Monday, January 28, 2013

Please listen to "Third Rail To Paradise" by Lid Emba



Hey Everyone,

Stickfigure is proud to present to you "Third Rail To Paradise" by Lid Emba. It will be released on Tuesday, February 26th as part of "Terminal Muse: Yellow" which is the third (and final) part of a trio of releases under the main title "Terminal Muse". The first one was "Red" and the second one was "Blue".



"Terminal Muse: Yellow" completes the trilogy of releases.

"I was about ten years old when I made my first recording. No drums. No guitars. No music. Instead, the family dog being hit by a car. An accidental preservation of an accident. I was playing with friends in someone’s front yard, our neighborhood being one of the few in a sprawling Floridian network of green lakes; skinny, winding roads fed by dead-end tributaries, sometimes paved, often dirt; and dense tracts of mossed cypress.
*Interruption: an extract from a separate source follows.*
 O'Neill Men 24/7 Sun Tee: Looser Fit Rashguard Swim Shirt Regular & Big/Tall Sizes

The grass we were sprawled in abutted one of those roads.

Paddy, my mangy, clueless, and eternally happy mutt, was obstinately chasing cars as they zoomed by, something my friends and I would have done as well had we been dogs. I had a portable cassette recorder, an exotic technology back then, and happened to be taping some silliness when we heard the impact. Our heads whipped around. Paddy lay bloodied and torn. A sun-beamed sports car sat cockeyed, lightly vibrating. I ran out to the road; Paddy’s head lifted as he saw me. He tried to stand and walk, probably in shock, but fell and dragged himself with his front paws. His back legs were broken. My Dad appeared out of nowhere. He sped Paddy away in the backseat, ignoring the outraged driver.
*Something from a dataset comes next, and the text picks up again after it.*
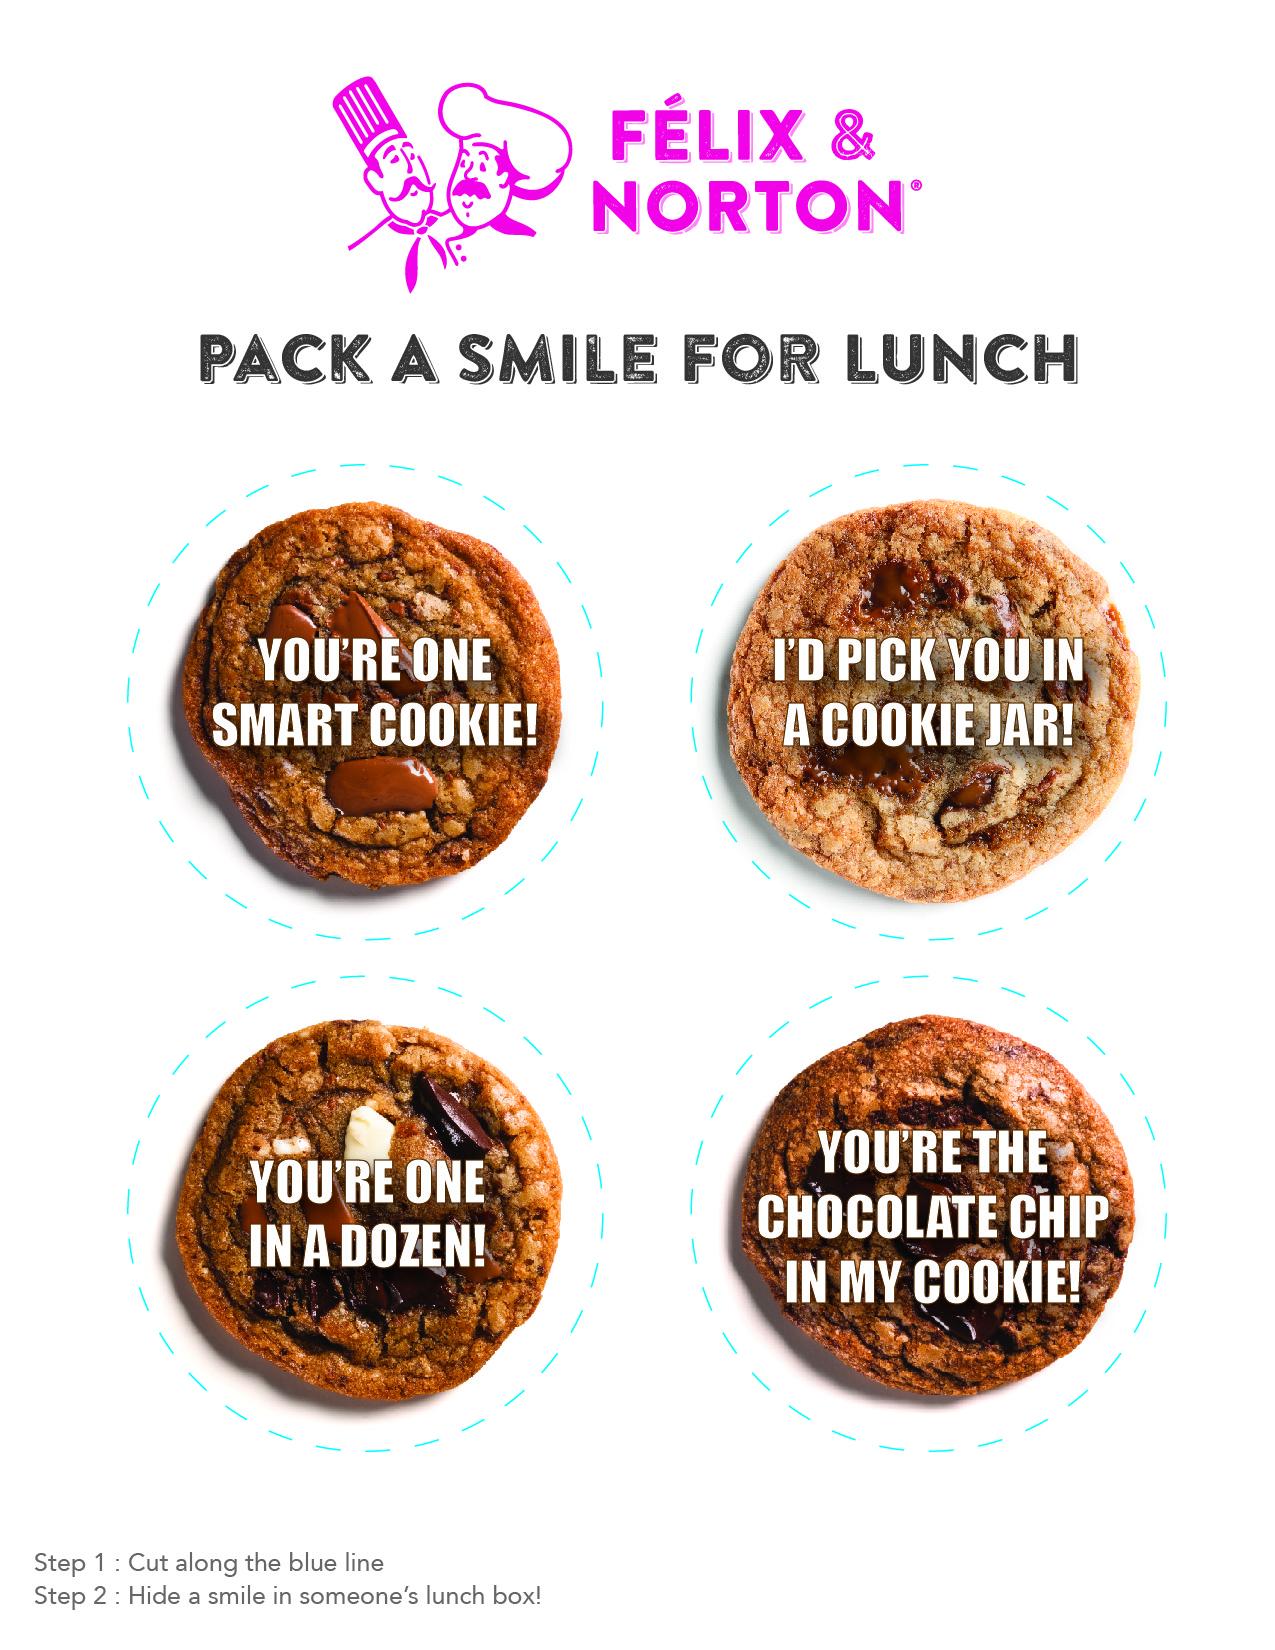 lunch box love notes cookie puns felix & norton

We played the tape back, first hearing our chatter, then a few honks, skidding tires, and a smash smeared with popping glass. That afternoon I walked around the neighborhood playing the tape for anyone who would listen, including my Mother. I was fascinated and kept looping the horror. Only later, when moonlight replaced the heat of day, did the weight of the sudden, terrible violence descend and envelop me. Before we got the call that Paddy had died at the vet’s, the driver appeared at our door and asked my Dad to pay for his busted headlights. The tape disappeared long ago, but it plays permanently in my memory when triggered. The various musical/ psychic phases in my life have been signposted with recordings ever since; cassettes, vinyl, and CDs featuring this or that band, this or that genre, this or that high hope or doomed din. None has come close to approximating the irrational tangle of tones, emotions, movement, and superimposed auditory spirits narrated by that first tape.
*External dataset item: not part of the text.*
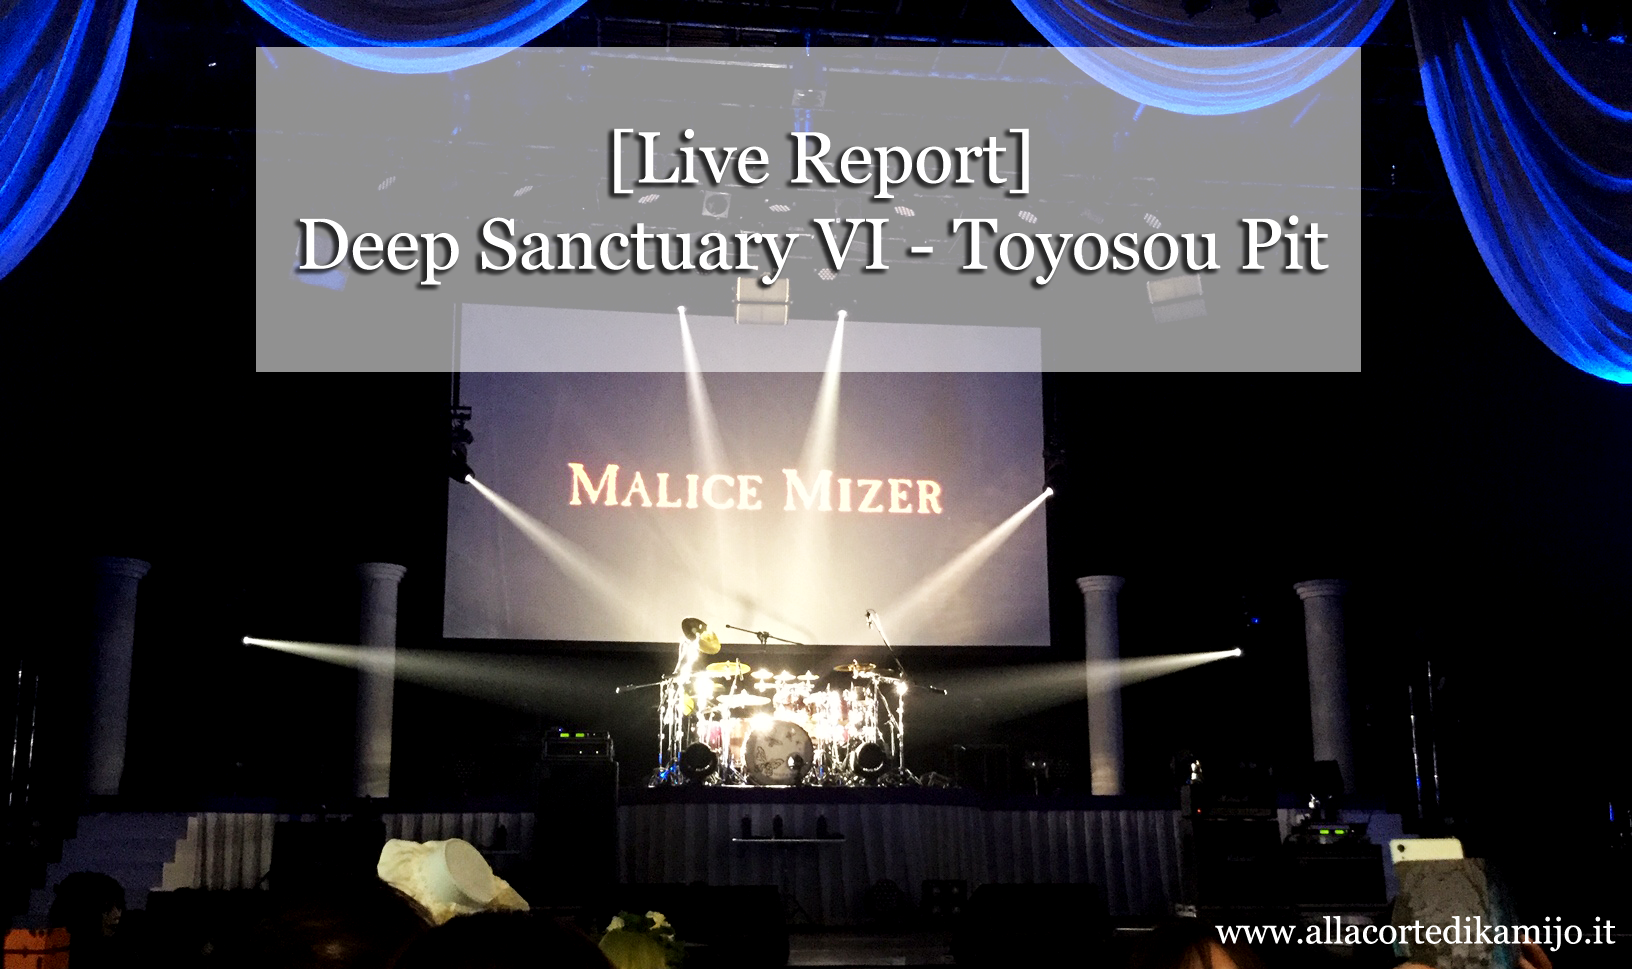 [Live Report] Deep Sanctuary VI

Until I started doing Lid Emba.

Here we have Lid Emba’s fifth CD: the third and final installment of the Terminal Muse trilogy. The triad title came to me just before I began a year of treatment for hepatitis C (aside: the treatment worked, the hep C remains undetectable). In the midst of my dread, it occurred to me that the need to create art is akin to suffering from an incurable and excruciating affliction: the terminal muse.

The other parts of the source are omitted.